COLLECTED MATERIAL

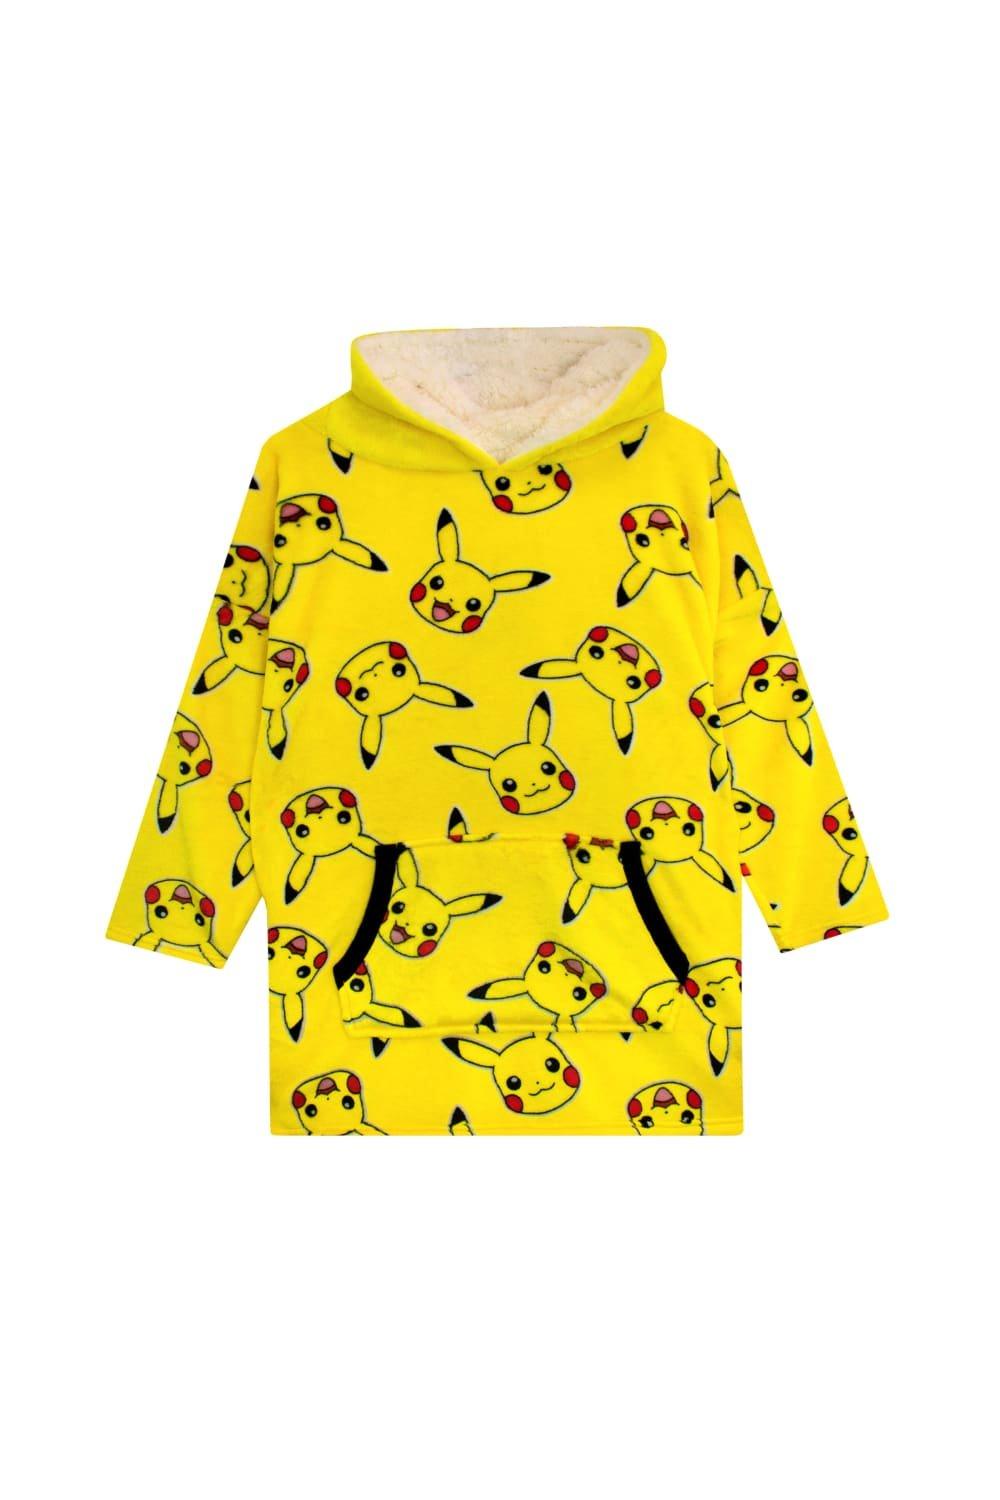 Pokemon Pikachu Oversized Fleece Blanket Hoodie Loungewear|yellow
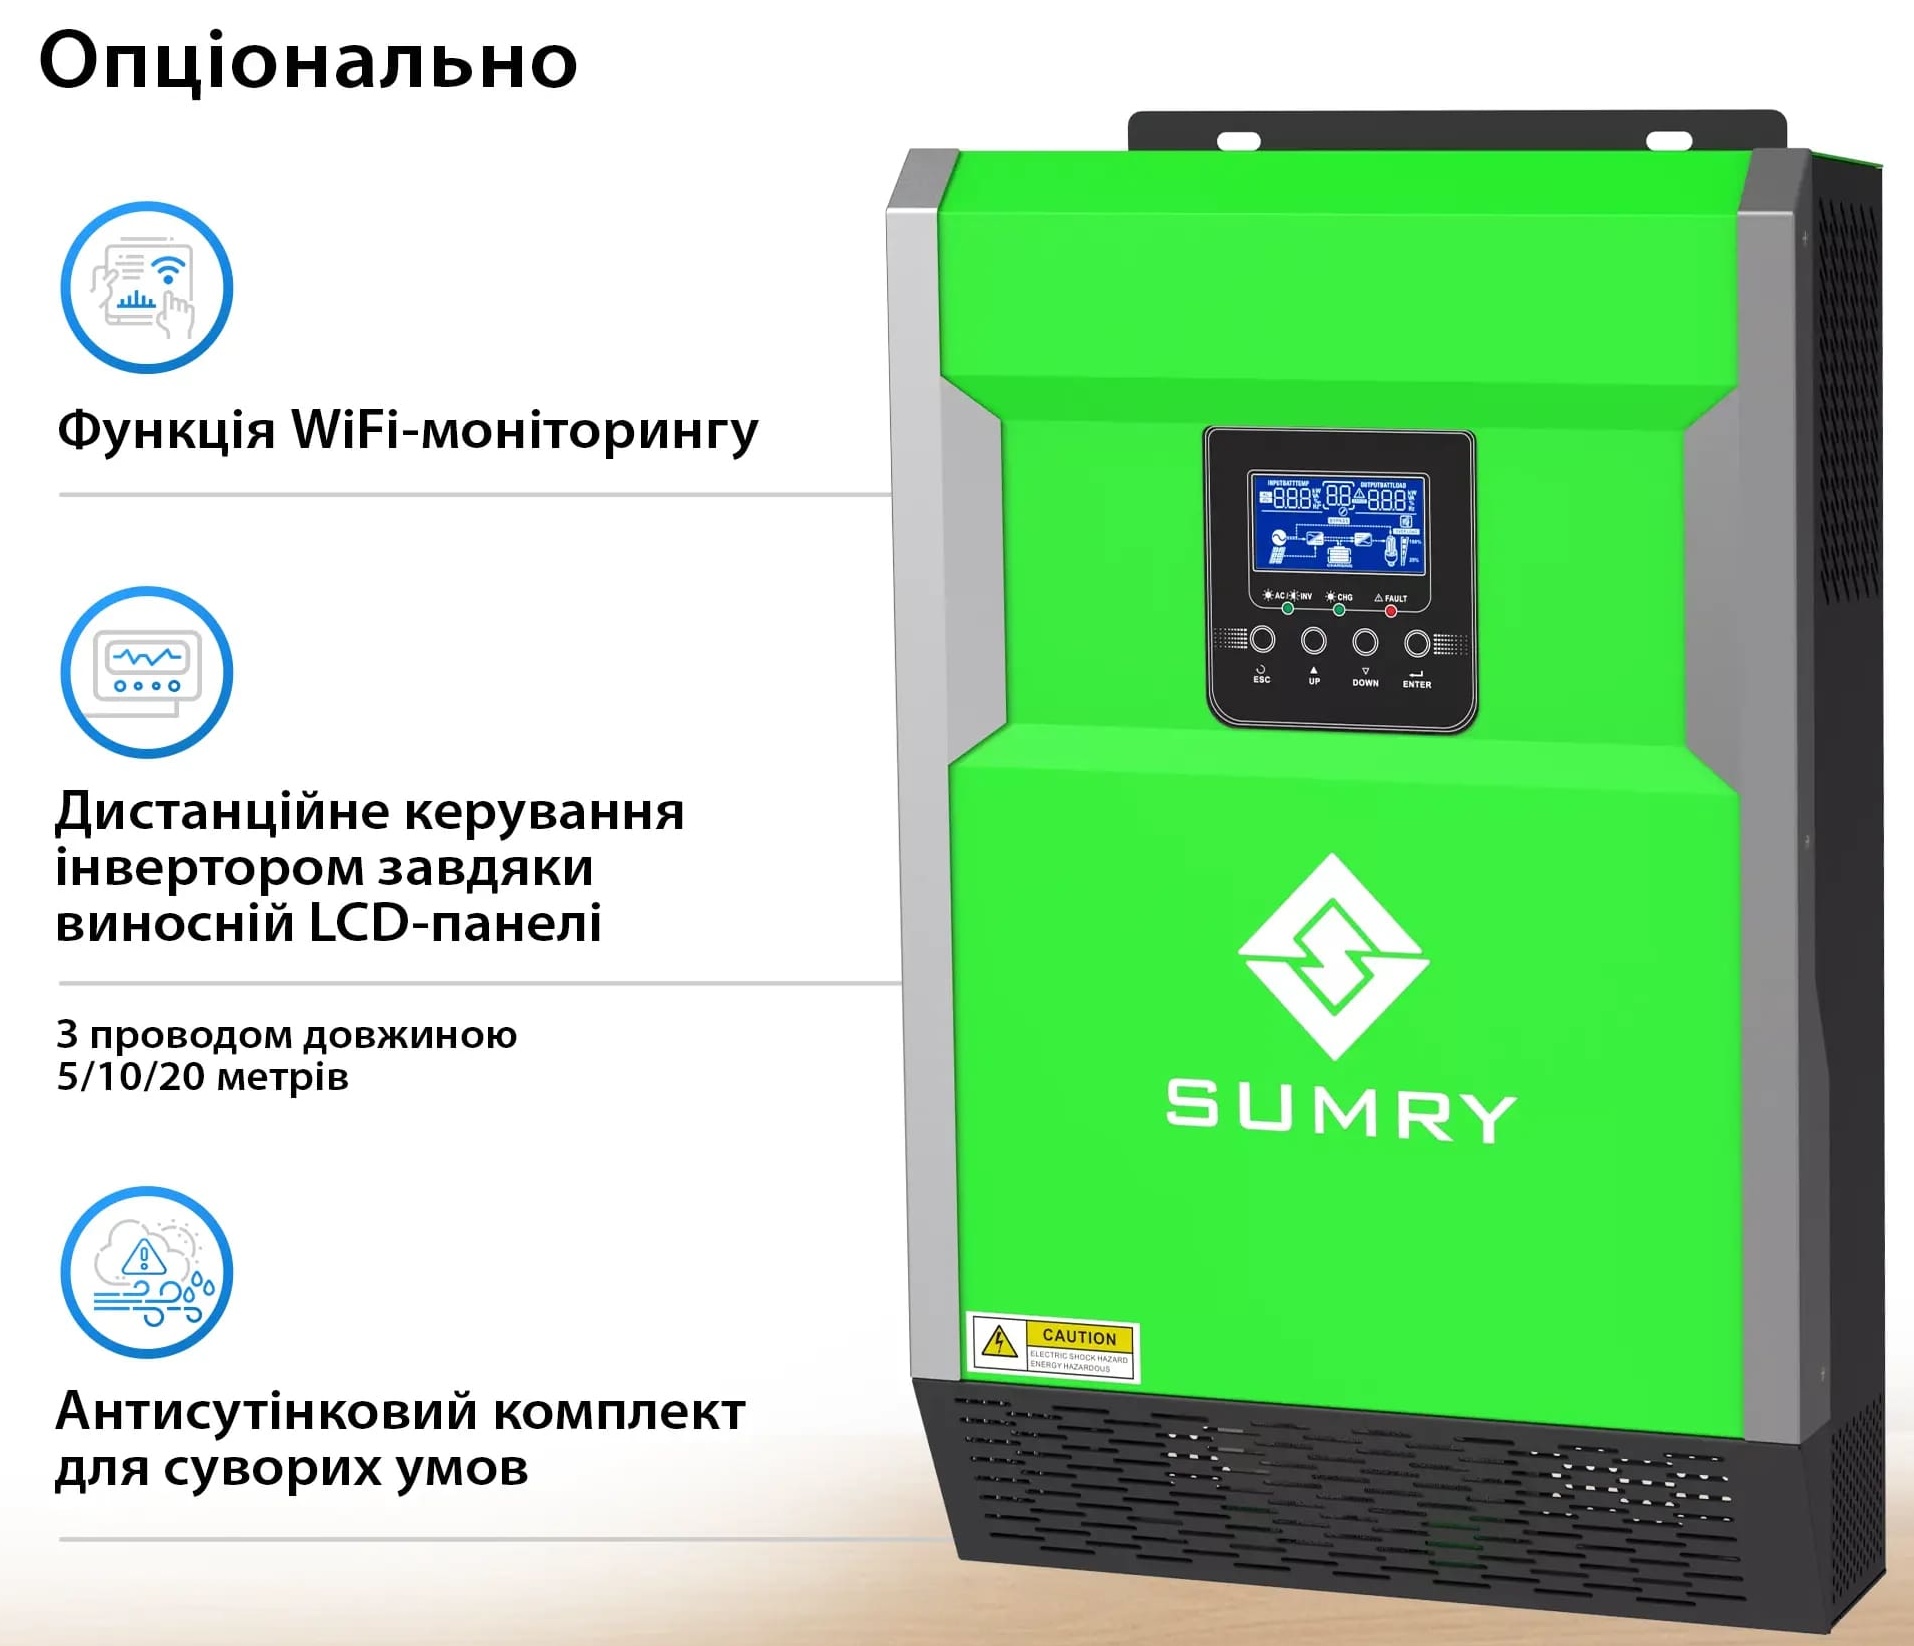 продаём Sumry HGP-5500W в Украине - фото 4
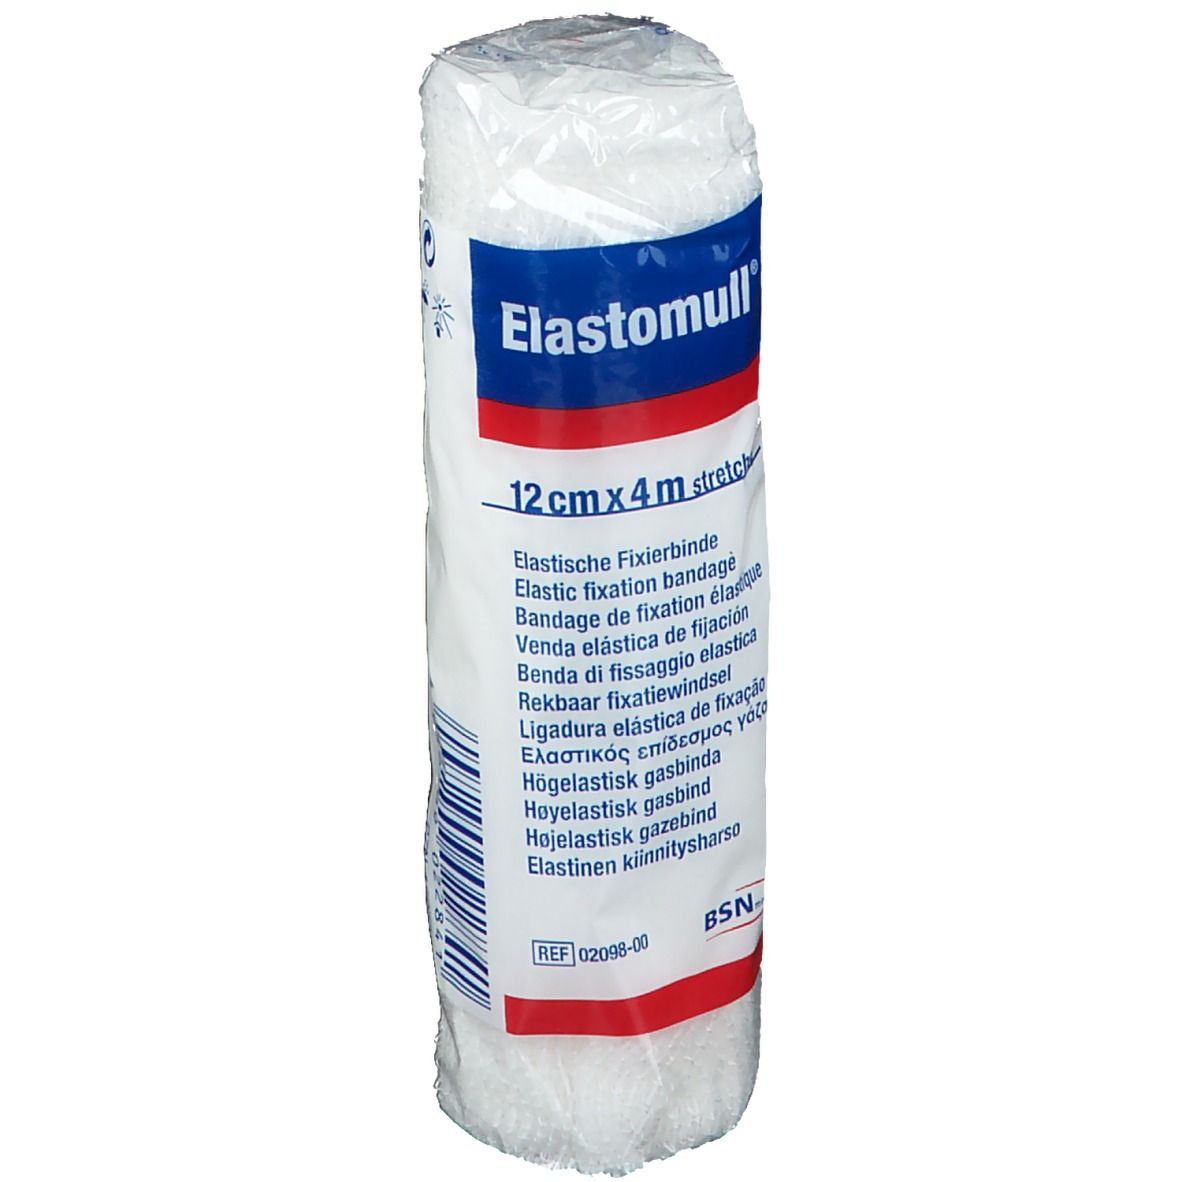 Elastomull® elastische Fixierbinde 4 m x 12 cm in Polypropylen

TASK DIRECTIONS
Beginning with the line that contains "продаём Sumry HGP-5500W в Украине - фото 4" and ending with the last line of the data, restate each line word for word. Exclude the pictures.

SOLUTION BELOW
 продаём Sumry HGP-5500W в Украине - фото 4
 Elastomull® elastische Fixierbinde 4 m x 12 cm in Polypropylen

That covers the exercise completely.